I was thinking, how a random walk in a 1D chain could be realized in a wolfram model (on a quantum level). I started making something, but it doesn't seem to work as expected.

Suppose, we have a string substitution system with 3 rules: ABA->AAB, ABA->ABA, ABA->BAA (on each step B can move left, right, or not move at all). The starting string is a sequence with one B in a row of As: AAAABAAAA (could be an infinite sequence as well). This model represents a random walk, where B can move to the left, to the right, or remain still.

From here I am starting to struggle with the basic formalism. According to Wolfram, the transition between two states is supposed to be expressed by a path integral. First question:

Is state AAAABAAAA at the time t=0 is the same state as AAAABAAAA at time t=10? In other words, does the "transition amplitude" depend on the time we consider the states at? (in quantum mechanics there is universal time, so all transition amplitudes are functions of time)

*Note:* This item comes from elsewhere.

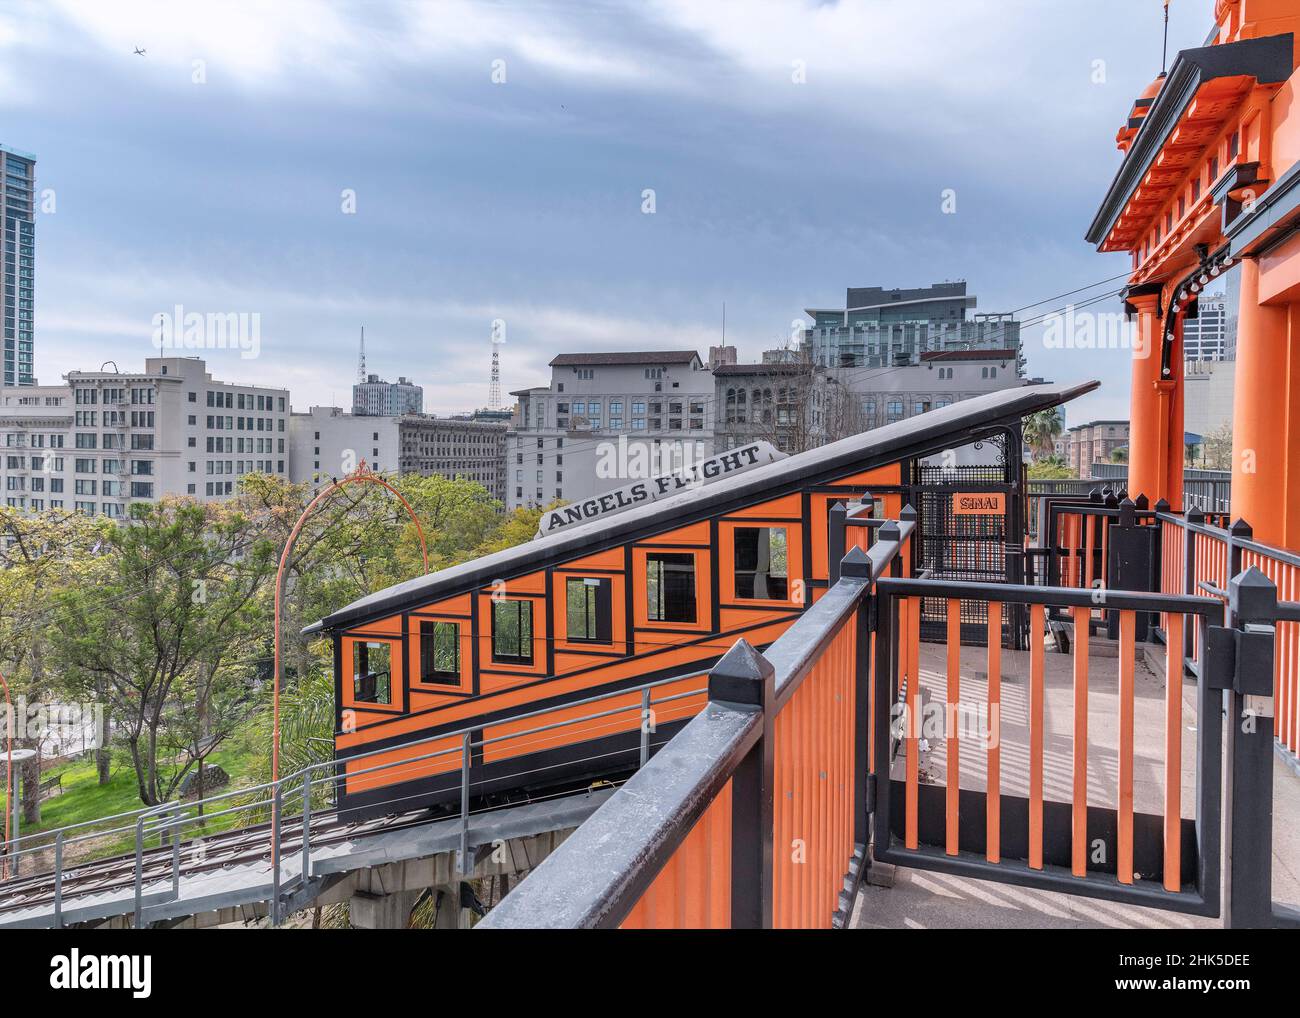 Los Angeles, CA, USA - January 31, 2022 - Historic Angels Flight funicular railway in the Bunker Hill district of downtown Los Angeles, CA. Stock Photo

I initially thought that an answer to the questions must be "states at different update iterations are different states for the purpose of transition amplitude calculations" (after all, we can enforce each time step to be different by modifying the rules a little bit), but I am not sure anymore, because if it is true, the complex phases of all paths will be the same. The last statement follows from the length of all path leading from one point to another being the same, and Lagrangian density at each node of the causal graph also being the same (so all paths, leading from one point to the other have the same action). If phases for all paths are the same, the random walk will be classical, and not quantum.

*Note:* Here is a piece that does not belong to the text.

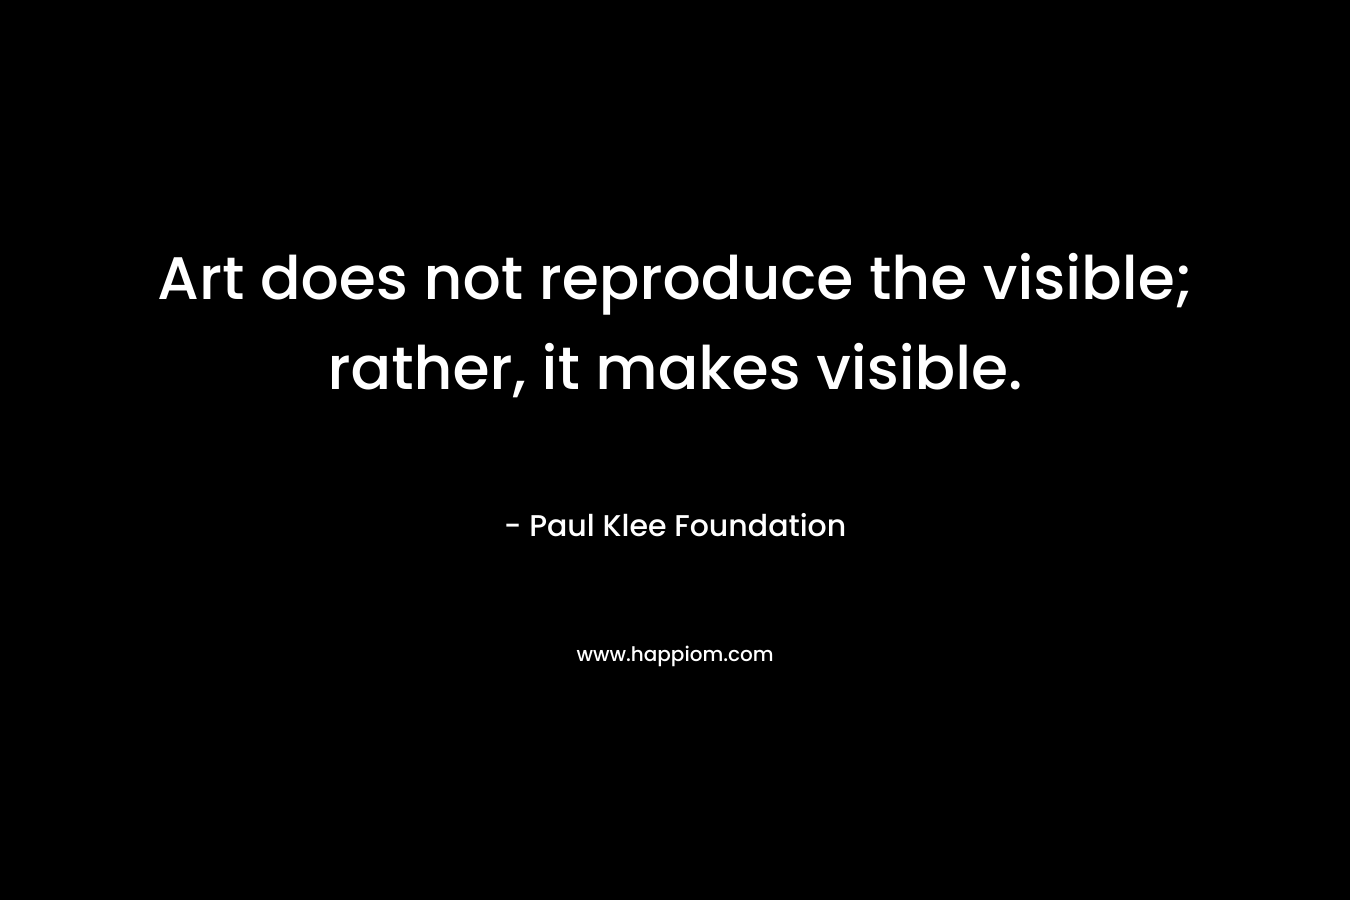 Art does not reproduce the visible; rather, it makes visible.

Can someone help me to clarify the situation? Was my example wrong? What would be the right way to do a quantum random walk?

POSTED BY: Pavlo Bulanchuk
12 Replies

Just to point out that Jonathan's bulletin A Short Note on the Double-Slit Experiment and Other Quantum Interference Effects in the Wolfram Model is highly speculative and not everybody agrees with his approach. Here is another approach to quantum interference in the framework of the Wolfram Model.

Thank you for the second reference. It was helpful, but unfortunately it left me disappointed. The first two examples in the reference are just regular constructions of the double slit experiment in Lagrangian and Hamiltonian formalisms and have nothing to do with Wolfram model. The third example is a Wolfram model, but it is more "construction of two negatively interfering paths", rather than "a double slit experiment". Each transition in the model was constructed by hand, making it not scalable (and I am still not sure how exactly we assign phases after the Knuth–Bendix completion).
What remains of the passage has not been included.